— Your objective —
Give back the data exactly, with no images.

— Data section —

|---|

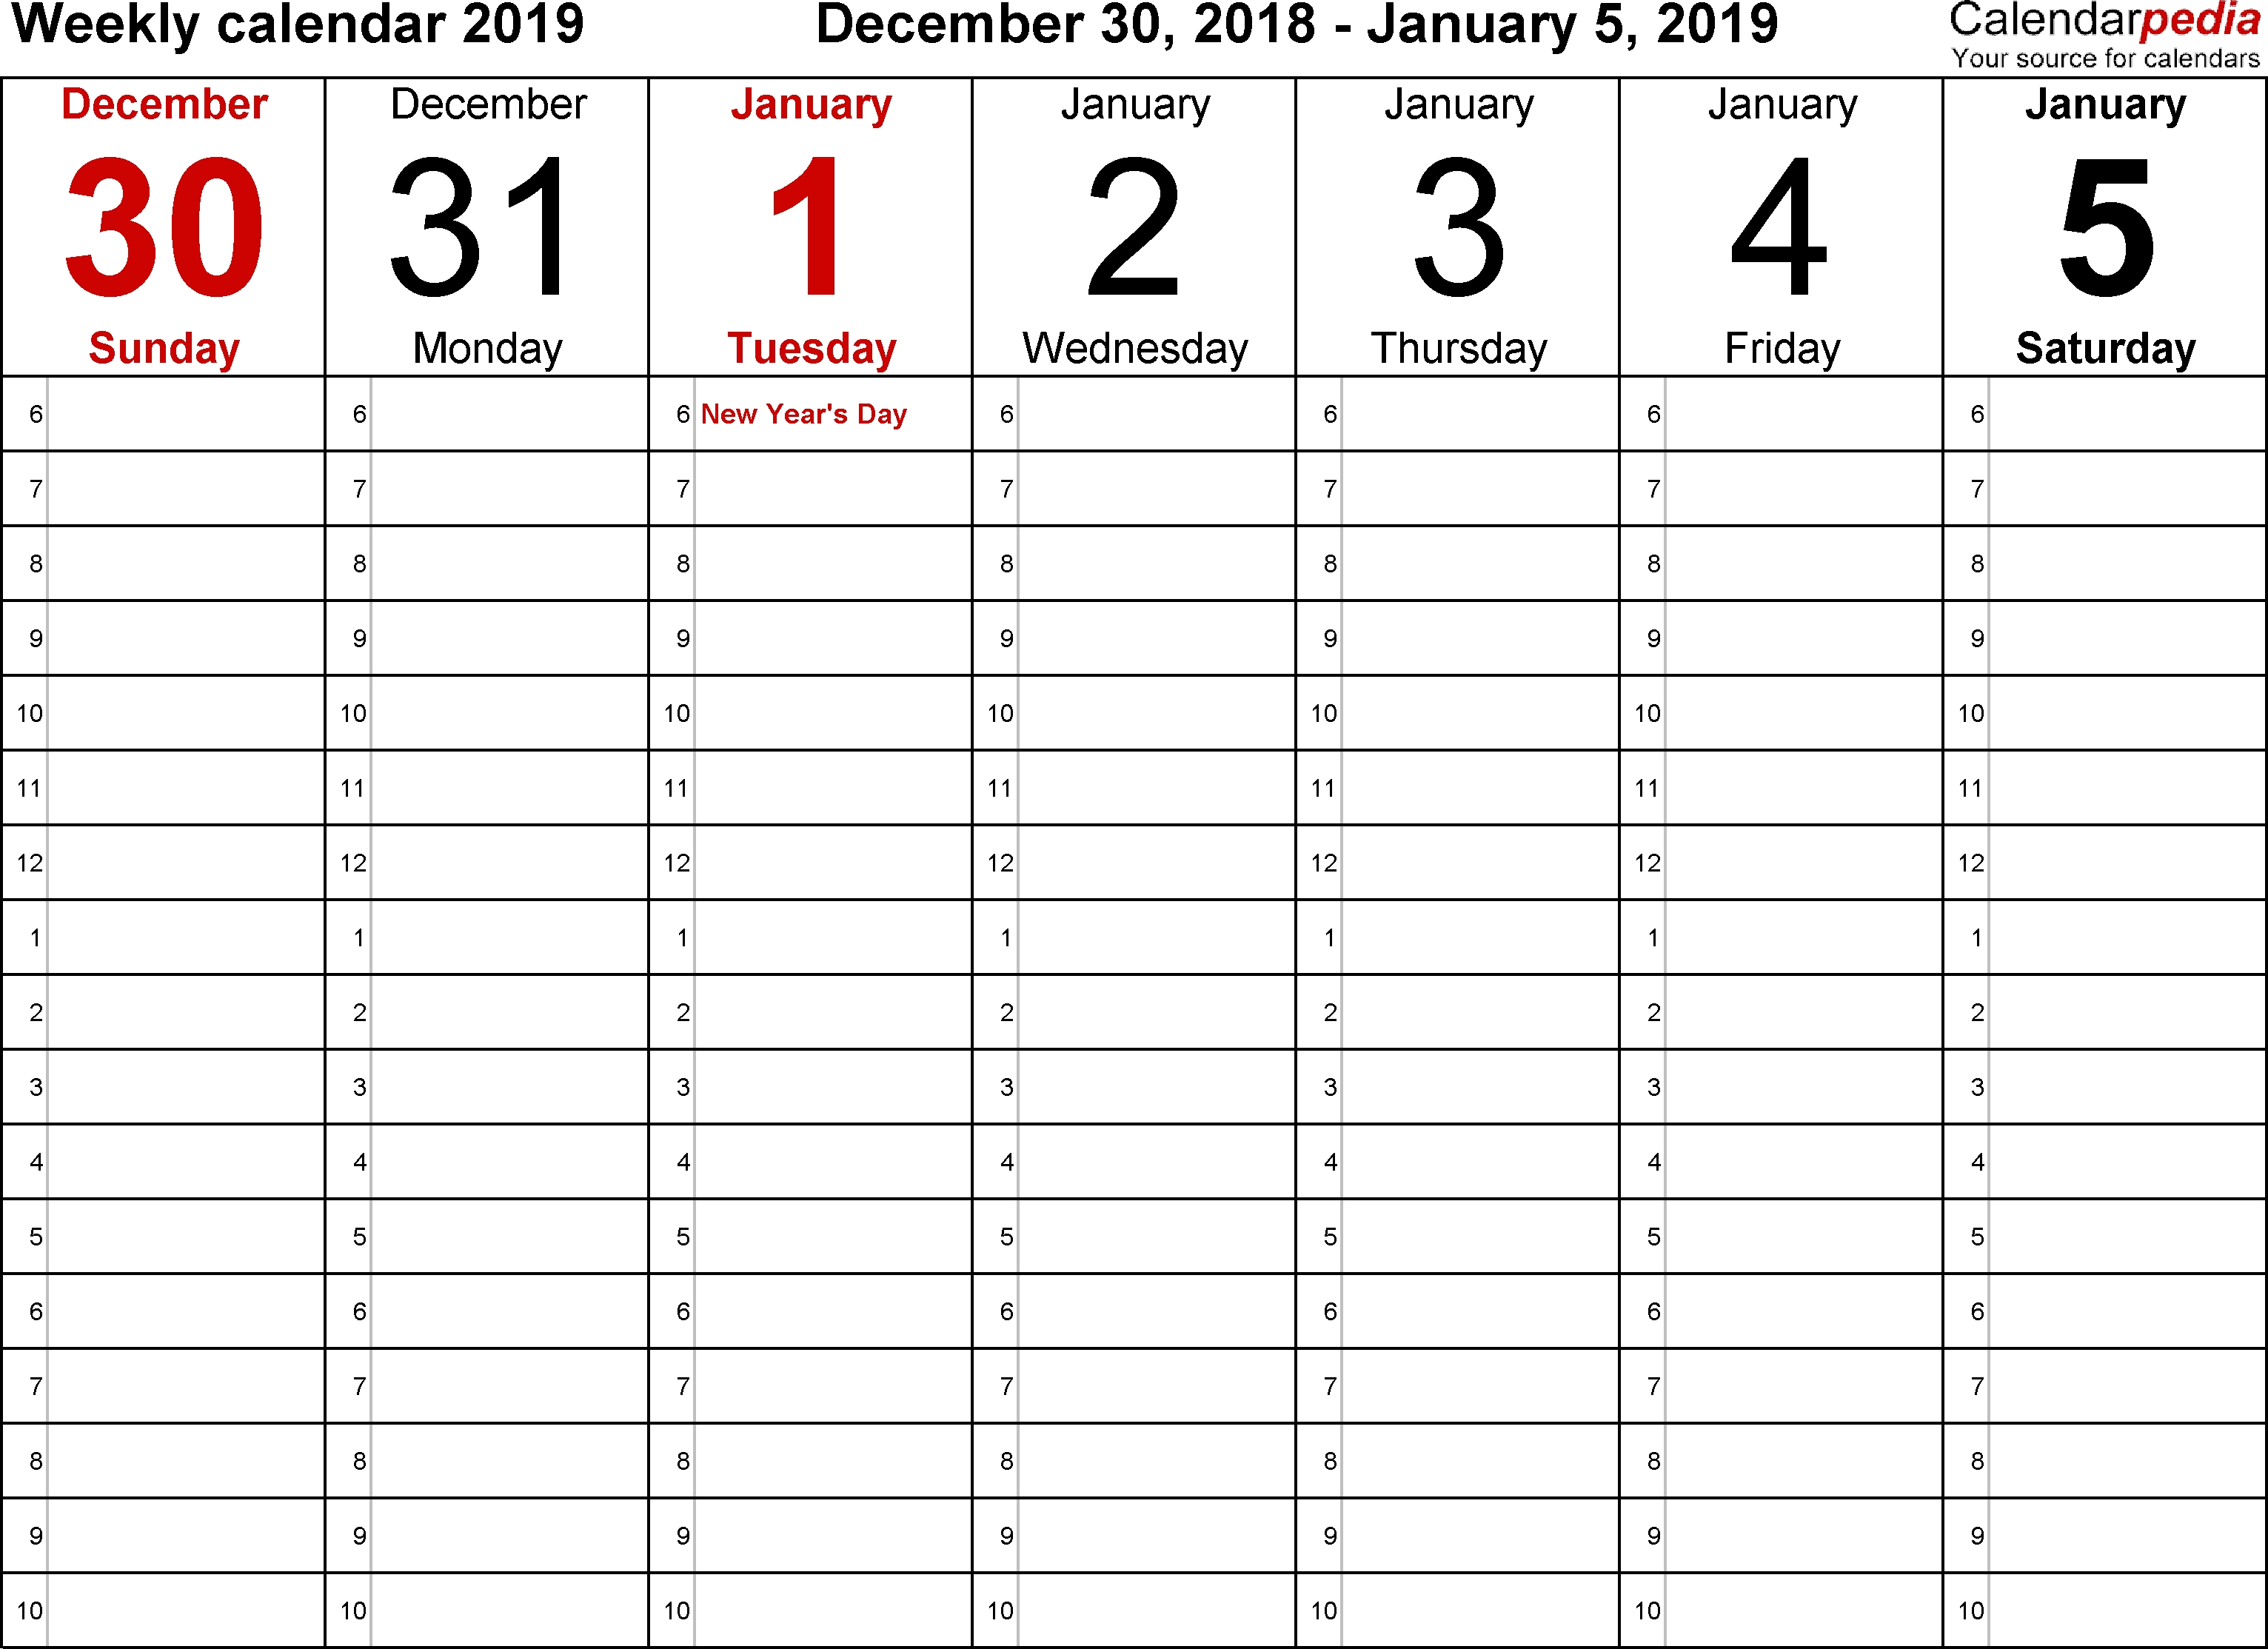 Calendarpedia - Your Source For Calendars Apple Calendar Nz Holidays
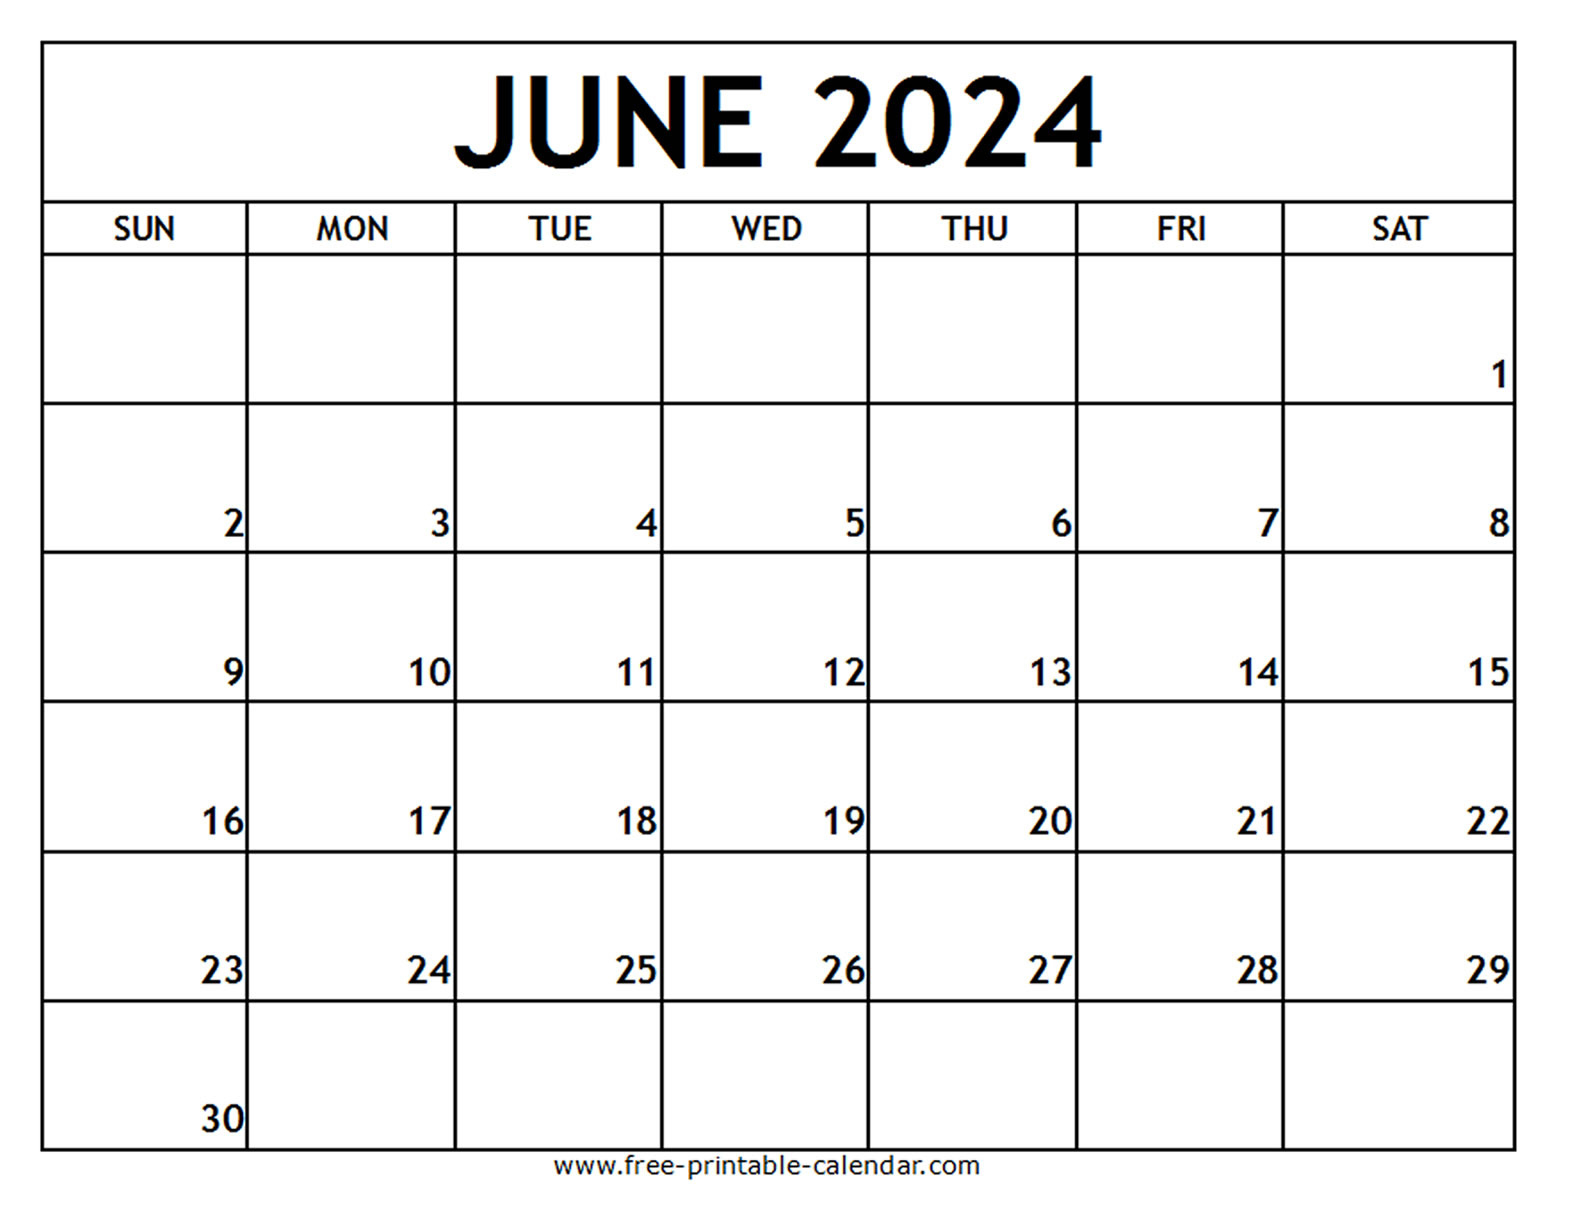 June 2024 Printable Calendar - Free-Printable-Calendar in Free Printable Calendar 2024 June July August
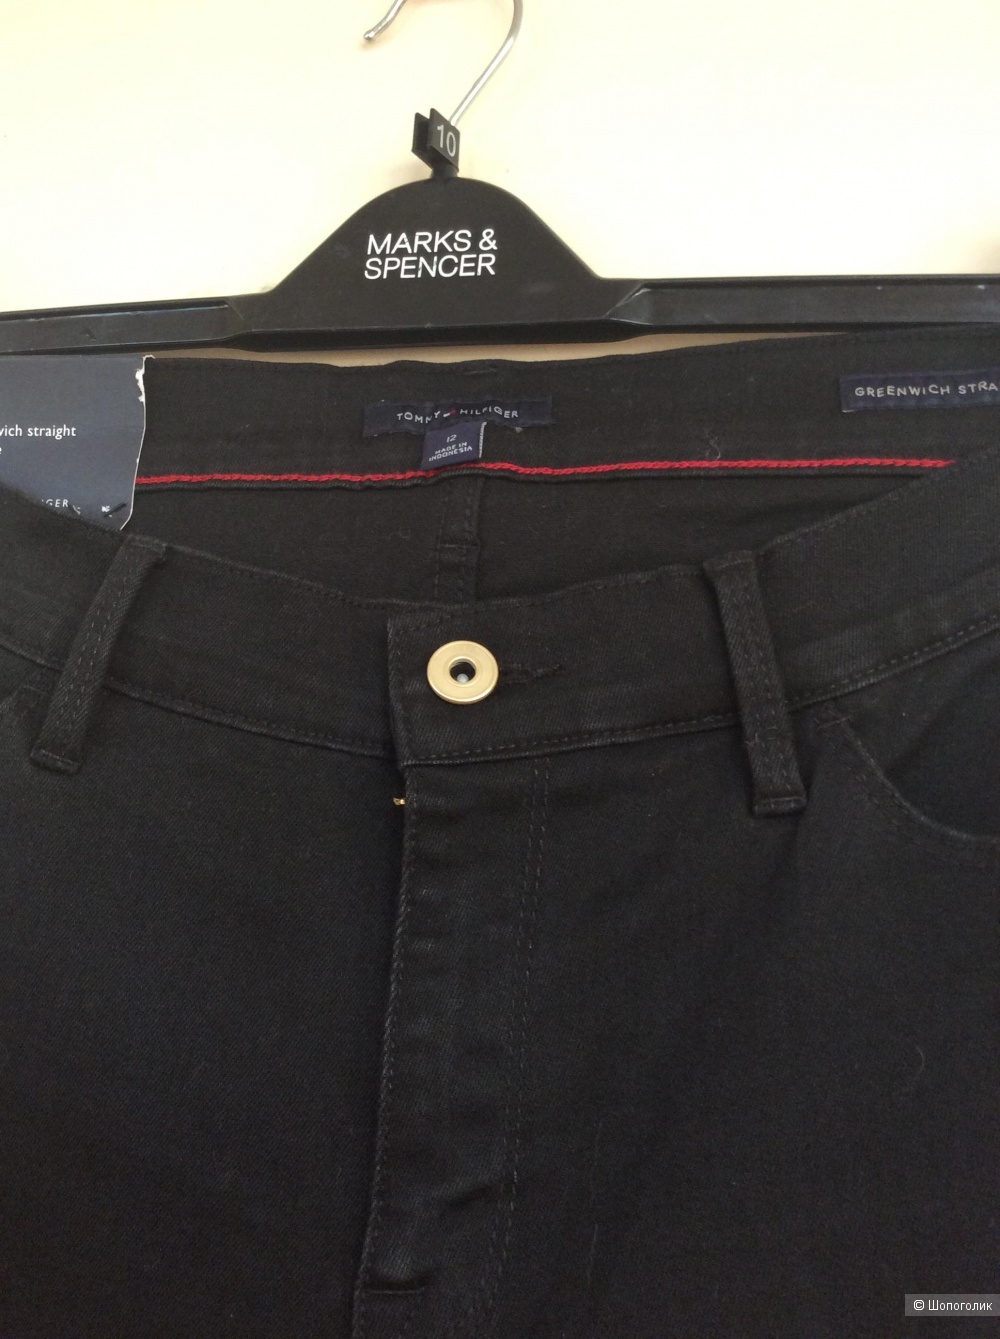 Tommy Hilfiger джинсы размер 12 (рос 50)

|---|

— Solution to the exercise —
 Calendarpedia - Your Source For Calendars Apple Calendar Nz Holidays
 June 2024 Printable Calendar - Free-Printable-Calendar in Free Printable Calendar 2024 June July August
 Tommy Hilfiger джинсы размер 12 (рос 50)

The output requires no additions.